### WHAT YOU WILL DO
Please output the listing exactly as it stands, but omit any images.

### GIVEN INFORMATION
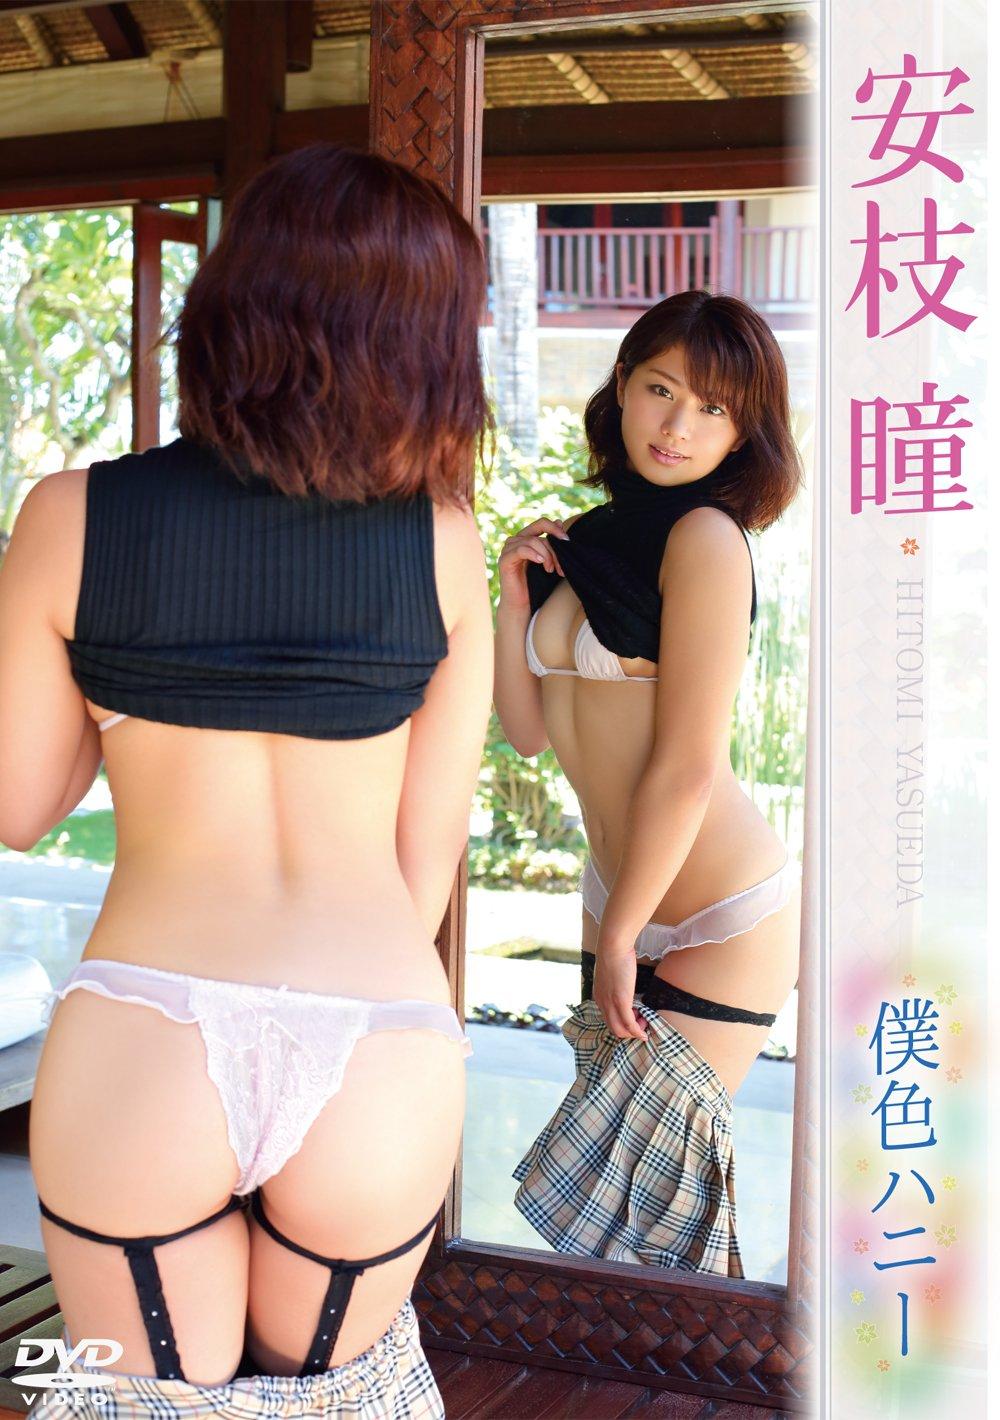 安枝瞳 DVD ≪僕色ハニー≫ (2015/06/18)
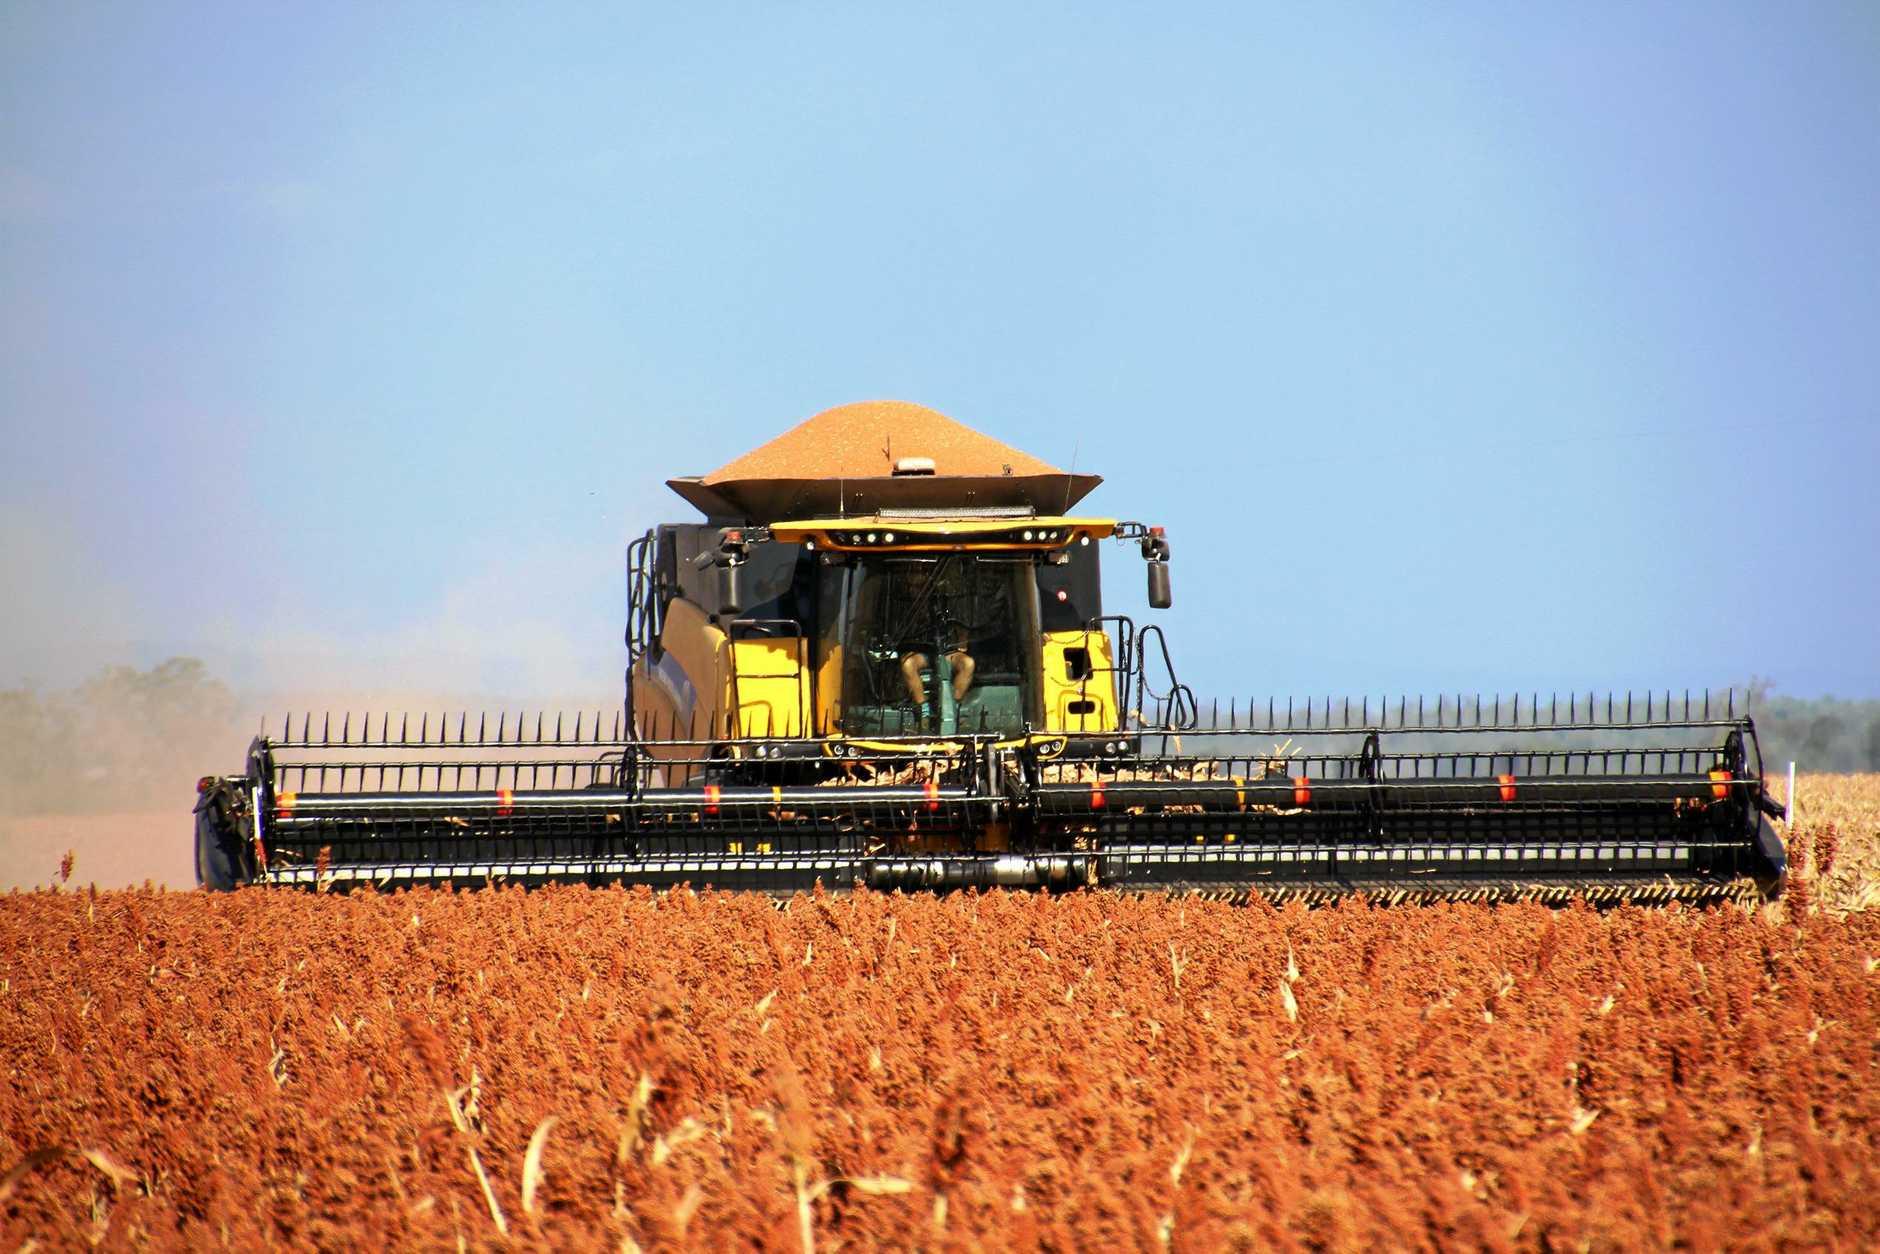 Sorghum harvest in full swing all around Langlands, near Jandowae, in the heatwave.
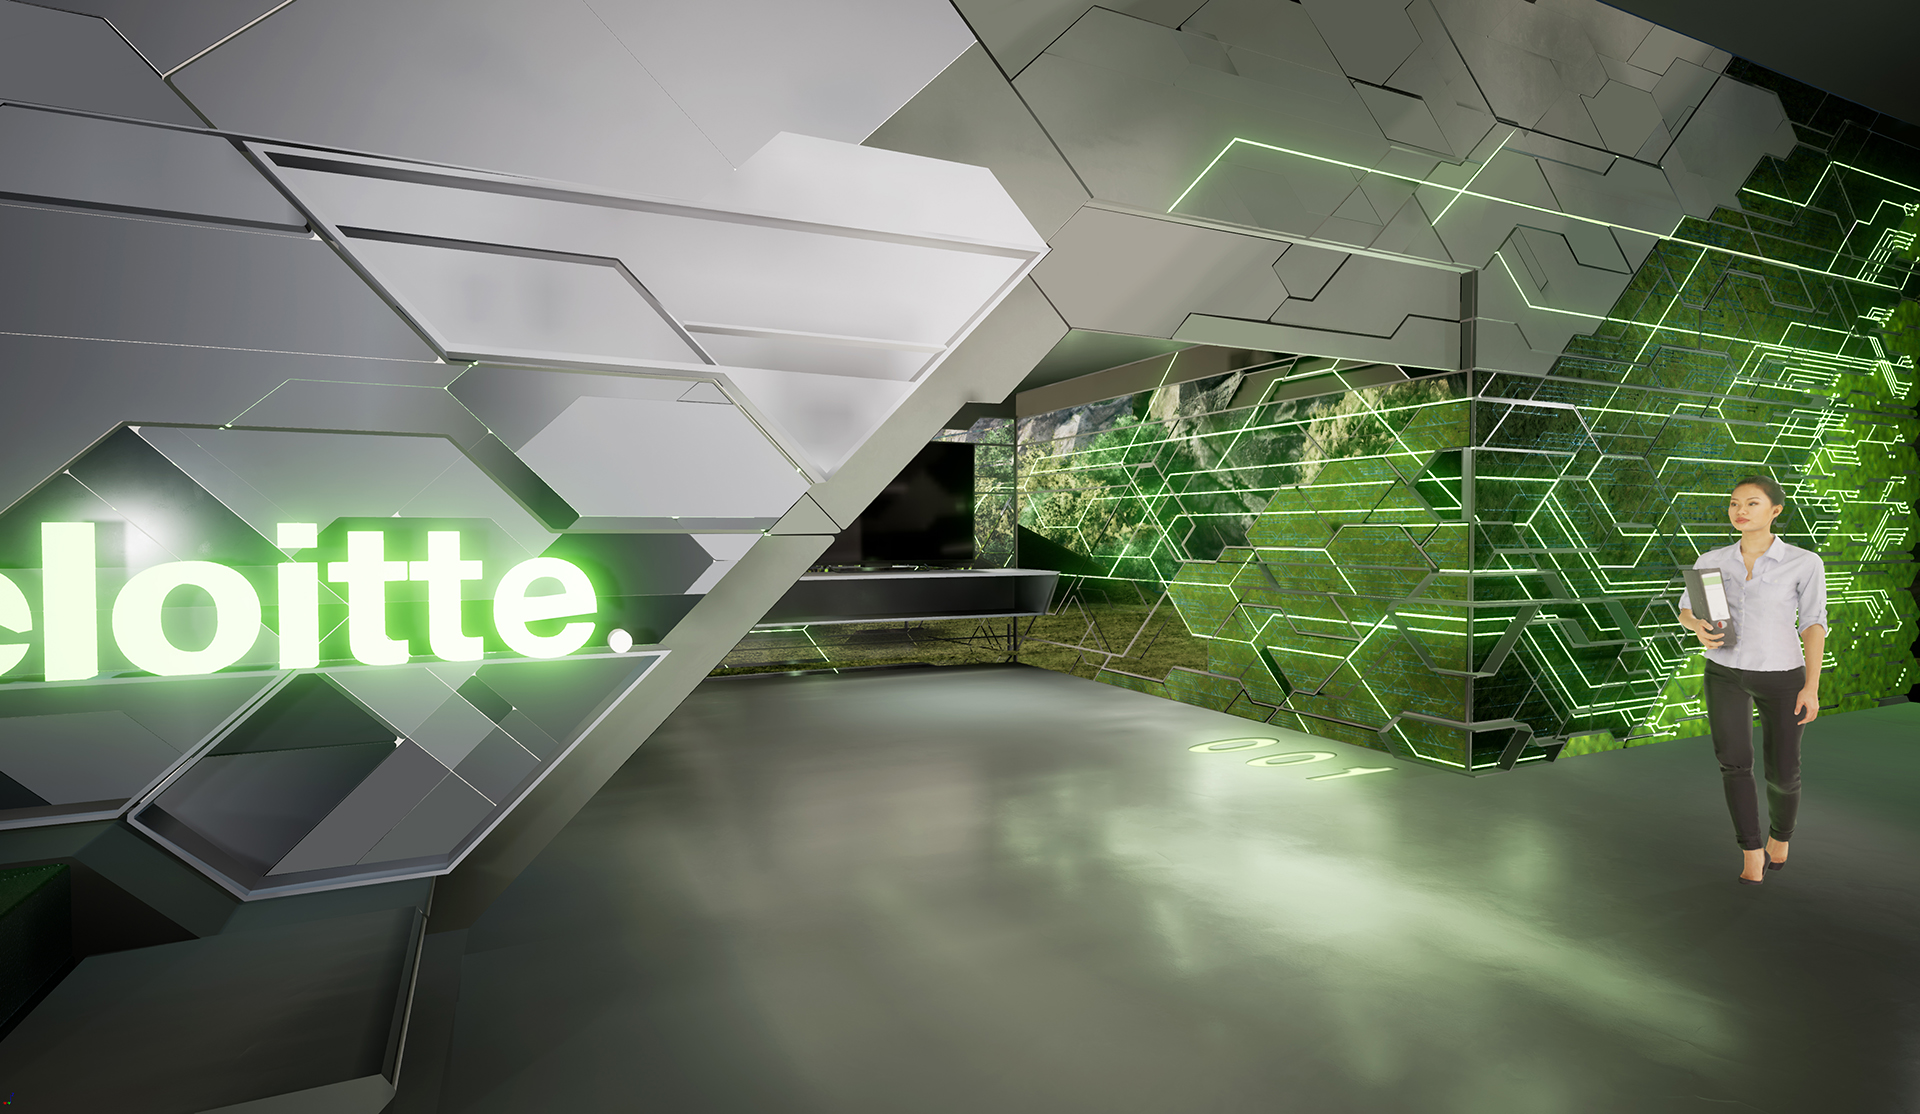 Deloitte_16_small.jpg

### ANSWER BOX
 安枝瞳 DVD ≪僕色ハニー≫ (2015/06/18)
 Sorghum harvest in full swing all around Langlands, near Jandowae, in the heatwave.
 Deloitte_16_small.jpg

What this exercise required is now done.